If a list of features is not given, all the columns except the ID column are taken as features.
- categorical_variablestr or list of str, optional
Specifies INTEGER column(s) that should be treated as categorical.
Other INTEGER columns will be treated as continuous.
- fit_predict(data, key, features=None, categorical_variable=None)
Perform GMM clustering on input dataset and return cluster membership probabilities for each data point.
- Parameters:
- dataDataFrame
Data to be clustered.
- keystr, optional
Name of ID column. Defaults to the index column of data (i.e. data.index) if it is set. If the index of column of data is not provided, please enter the value of key.
- featureslist of str, optional
List of strings specifying feature columns.
If a list of features is not given, all the columns except the ID column are taken as features.
- categorical_variablestr or list of str, optional
Specifies INTEGER column(s) specified that should be treated as categorical.

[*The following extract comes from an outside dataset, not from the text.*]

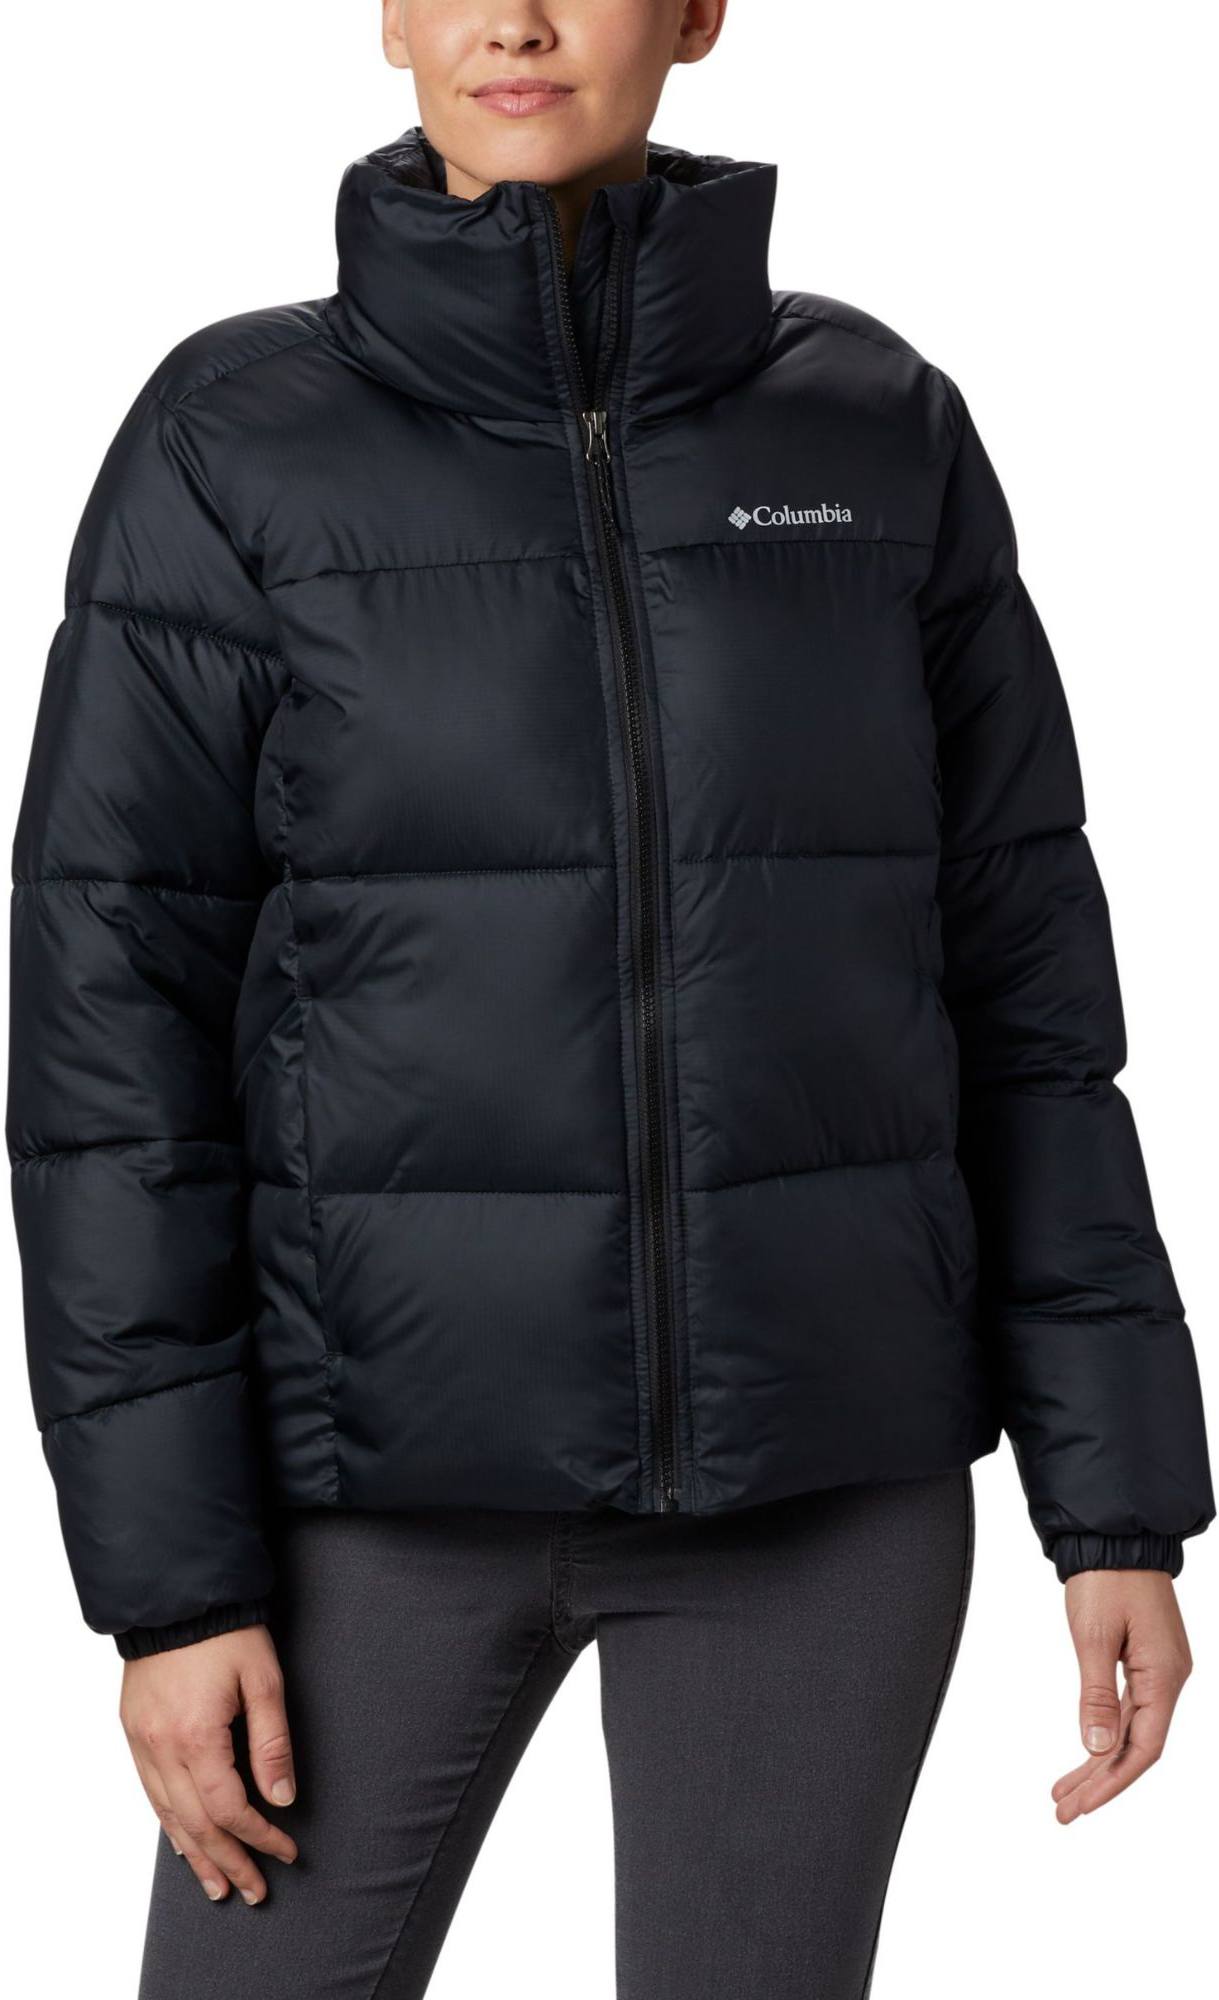 Columbia Women’s Puffert Jacket Musta XL

Other INTEGER columns will be treated as continuous.
- Returns:
- DataFrame
Cluster membership probabilities.
- predict(data, key=None, features=None)
Assign clusters to data based on a fitted model.
The output structure of this method does not match that of fit_predict().
- Parameters:
- dataDataFrame
Data points to match against computed clusters.
This dataframe's column structure should match that of the data used for fit().
- keystr, optional
Name of ID column.
Defaults to the index column of data (i.e. data.index) if it is set. If the index column of data is not provided, please enter the value of key.
- featureslist of str, optional.
Names of the feature columns.
If
features
is not provided, it defaults to all non-key columns.
- Returns:
- DataFrame
Cluster assignment results, with 3 columns:
Data point ID, with name and type taken from the input ID column.
CLUSTER_ID, INTEGER type, representing the cluster the data point is assigned to.
DISTANCE, DOUBLE type, representing the distance between the data point and the cluster center.
- create_model_state(model=None, function=None, pal_funcname='PAL_CLUSTER_ASSIGNMENT', state_description=None, force=False)
Create PAL model state.
- Parameters:
- modelDataFrame, optional
Specify the model for AFL state.
Defaults to self.model_.
- functionstr, optional
Specify the function in the unified API.
A placeholder parameter, not effective for cluster assignment.
- pal_funcnameint or str, optional
PAL function name. Must be a valid PAL procedure that supports model state.
Defaults to 'PAL_CLUSTER_ASSIGNMENT'.
- state_descriptionstr, optional
Description of the state as model container.
Defaults to None.
- forcebool, optional
If True it will delete the existing state.
Defaults to False.
- delete_model_state(state=None)
Delete PAL model state.
- Parameters:
- stateDataFrame, optional
Specified the state.
Defaults to self.state.
- property fit_hdbprocedure
Returns the generated hdbprocedure for fit.
- property predict_hdbprocedure
Returns the generated hdbprocedure for predict.
- set_model_state(state)
Set the model state by state information.
- Parameters:
- state: DataFrame or dict
If state is DataFrame, it has the following structure:
NAME: VARCHAR(100), it mush have STATE_ID, HINT, HOST and PORT.
VALUE: VARCHAR(1000), the values according to NAME.
If state is dict, the key must have STATE_ID, HINT, HOST and PORT.
Inherited Methods from PALBase
Besides those methods mentioned above, the GaussianMixture class also inherits methods from PALBase class, please refer to PAL Base for more details.